As noted in an earlier blog on this case — with respect to this challenge to the domestic content provision of the Ontario program, Stuart Trew of the Council of Canadians observed that “the EU and Japan are trying to create a dichotomy between environmental protection and economic development which is at odds with the definition of sustainable development under the Framework Convention on Climate Change and the Kyoto Protocol, which all three parties have agreed to.” Article 3 of the Framework Convention provides that “measures to protect the climate system…should be integrated with national development programs…”
According to a “friend of the court” or “amicus” legal brief filed by the Council of Canadians and others, “In accordance with its obligations under the Convention and Protocol, Ontario is not only seeking to increase the consumption of renewable energy but to facilitate the development of renewable energy infrastructure in Ontario. By so doing, it proposes to reduce the costs of renewable power and create the industrial, commercial, and services infrastructure that will allow the province to more readily take the next steps to further reduce greenhouse gas emissions.”
Amicus supporters also argued that in the case of a possible conflict between international trade and climate change, the international law of treaty interpretation would warrant a resolution in favor of climate responsibility. The priority is the reduction of greenhouse gas emissions, as “Canada, the EU and Japan have each declared that the pursuit of ecological security in the face of potentially catastrophic climate change is the paramount obligation.”
For the Kyoto and Convention arguments, it seems as though the issue might come down to treaty interpretation and the necessity of the domestic content requirement within the Ontario program. While necessity does not seem to be a dispositive issue within the international environmental treaty framework, it may well have swayed this WTO tribunal as a matter of trade law given the results of the case. We will have to read the final opinion when it is released in November to be sure.
The big picture
Regardless of the way the Ontario feed-in tariff case turns out, the threat of international trade law challenges to green energy policy, more broadly, will not go away. Other cases abound.

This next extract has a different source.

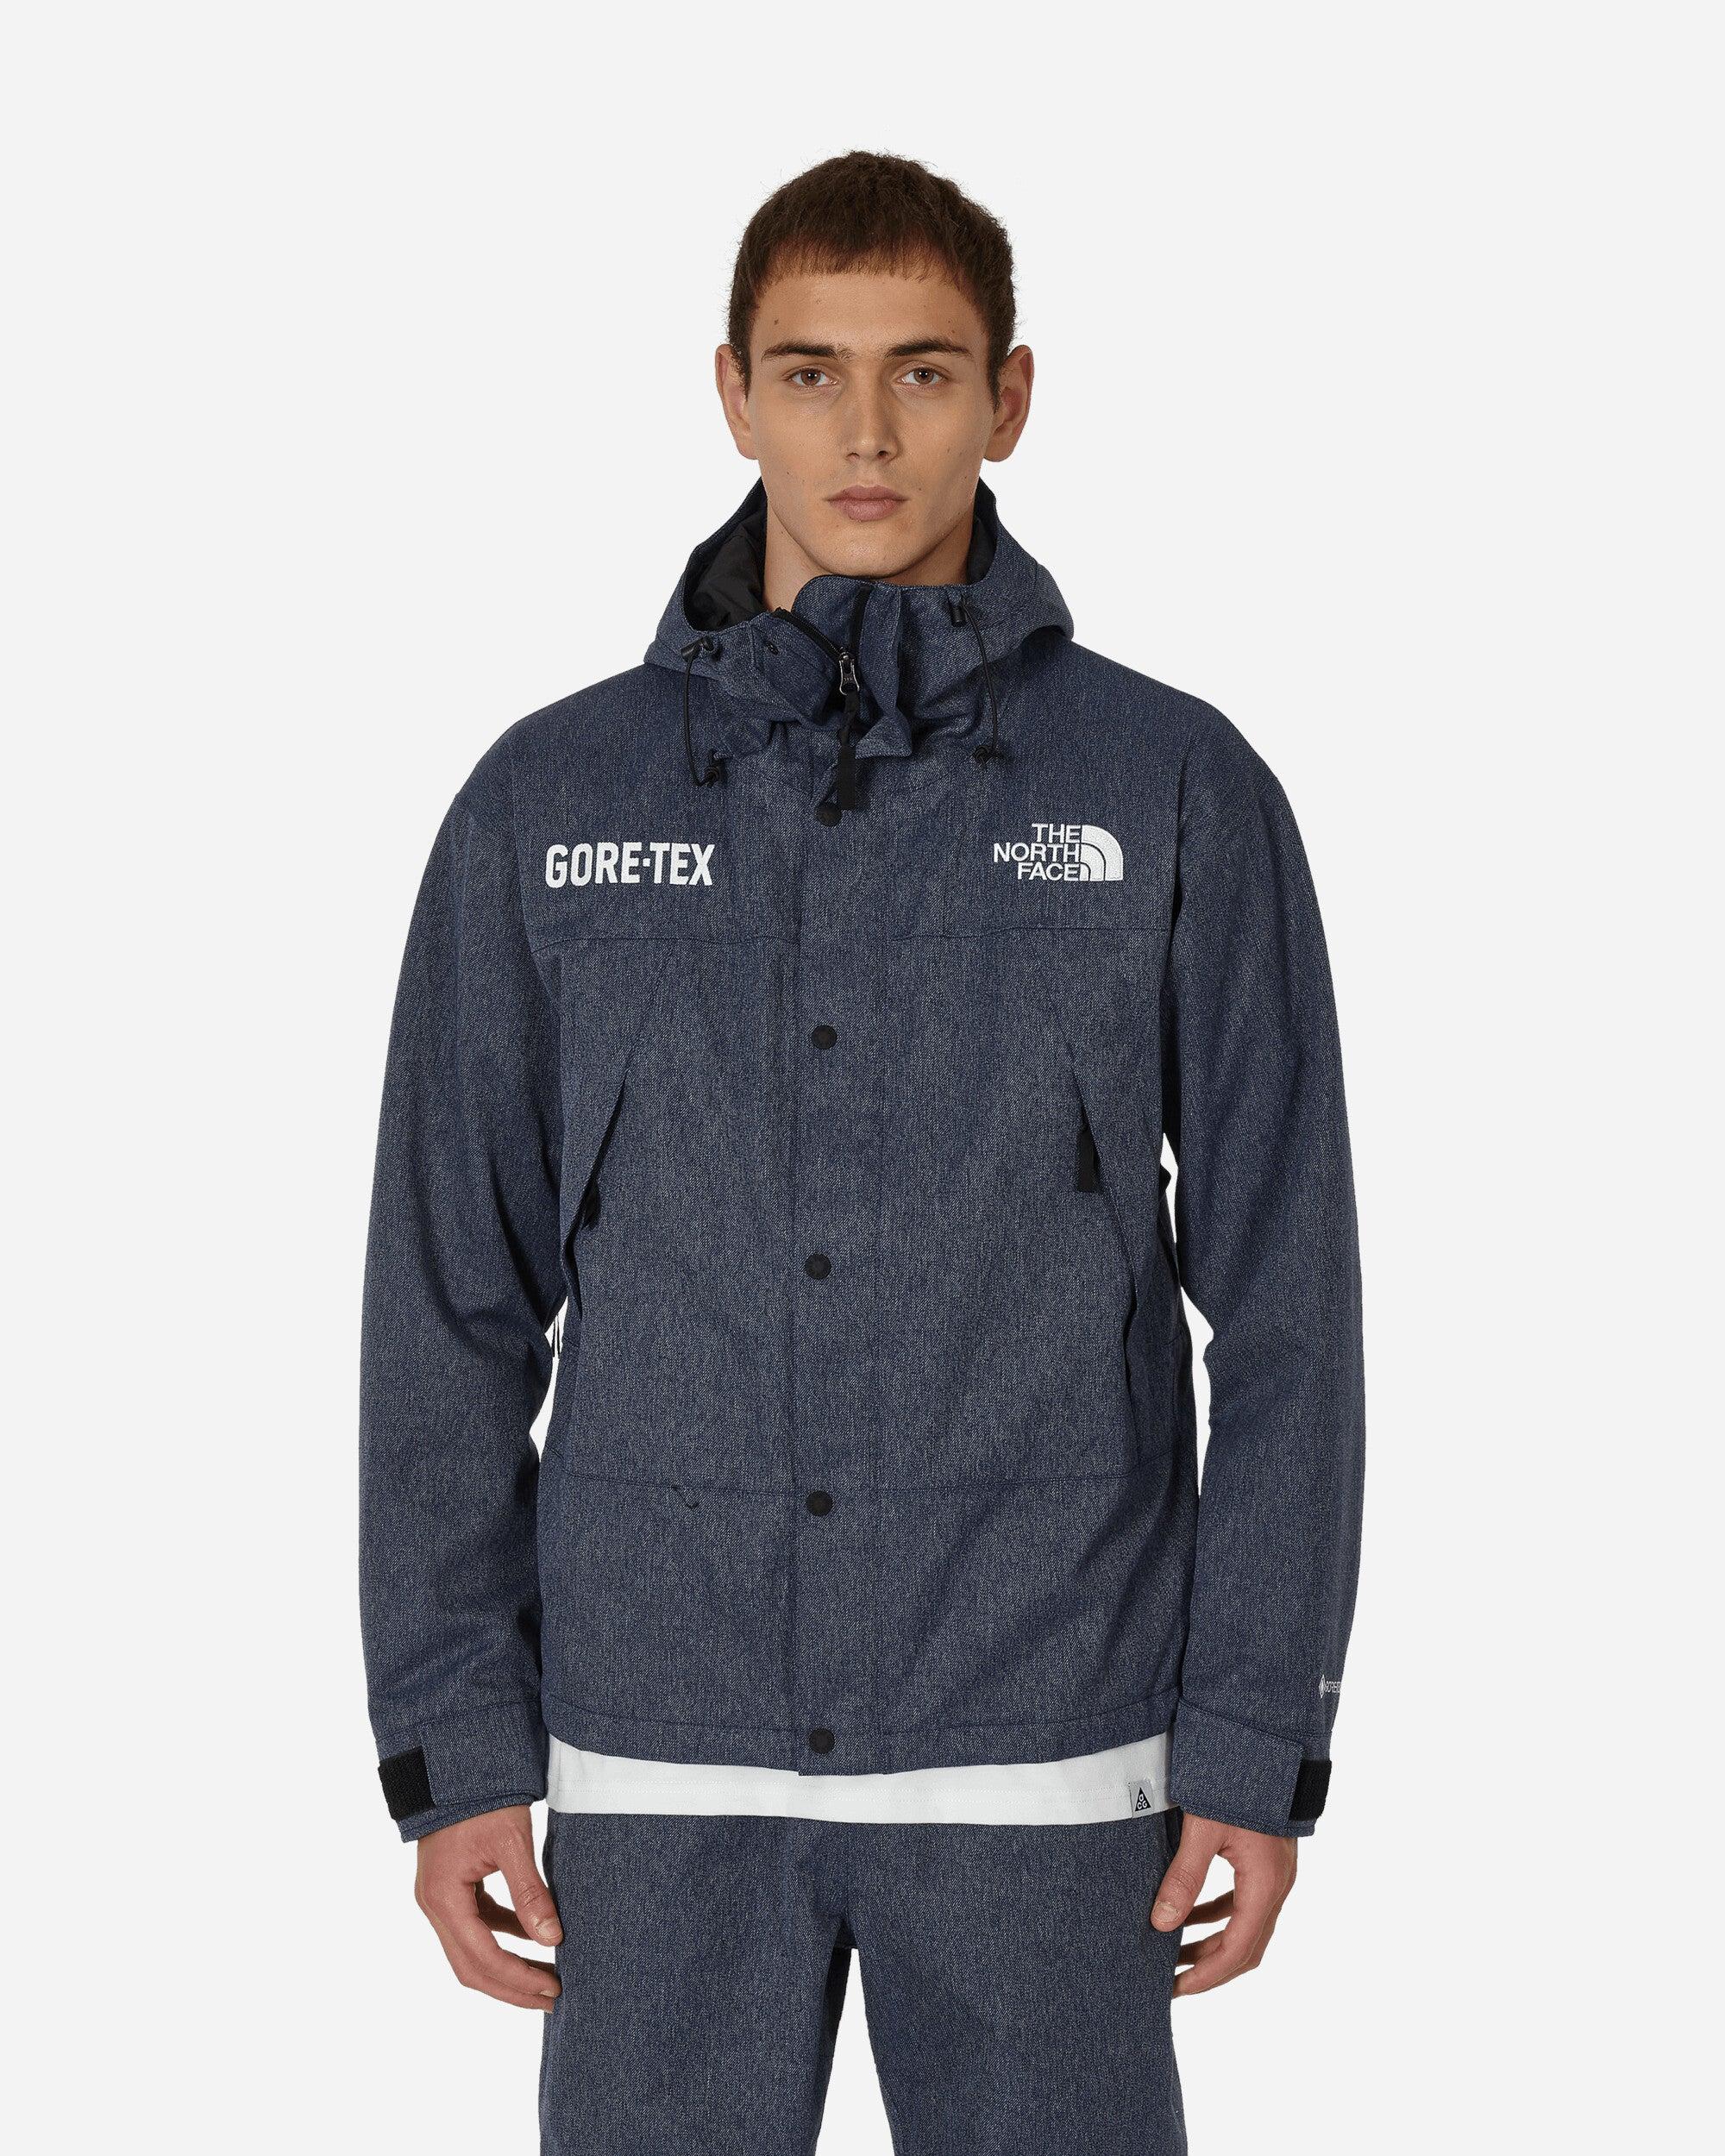 The North Face Gtx Mountain Jacket Denim Blue for Men | Lyst

As noted above a trade war on solar energy policy is well under way. The United States has imposed a 31 percent tariff on solar panels imported from China, alleging violation of U.S. law on unfair subsidies and “dumping” of excess inventory on the U.S. market. China has retaliated by threatening to impose tariffs on poly-silicon imported from the U.S. used to make solar energy products, and by bringing a World Trade Organization complaint against U.S. imposition of countervailing duties on a number of Chinese products including solar panels.
Now, the German government is also seeking European Union “anti-dumping” sanctions against Asian solar manufacturers. To top it off, in September 2012, Indian companies requested that their government begin investigating Malaysian, Chinese and U.S. companies for allegedly “dumping” below-cost solar cells and components. All of this promises to make solar energy more expensive, at a time when solar energy was becoming more cost competitive with coal and other dirty energy sources that contribute significantly to global warming.
Again, we must ask the question: why is climate policy being made in the WTO and similar arenas based on trade law, not climate science and the real-world necessities of building a green economy?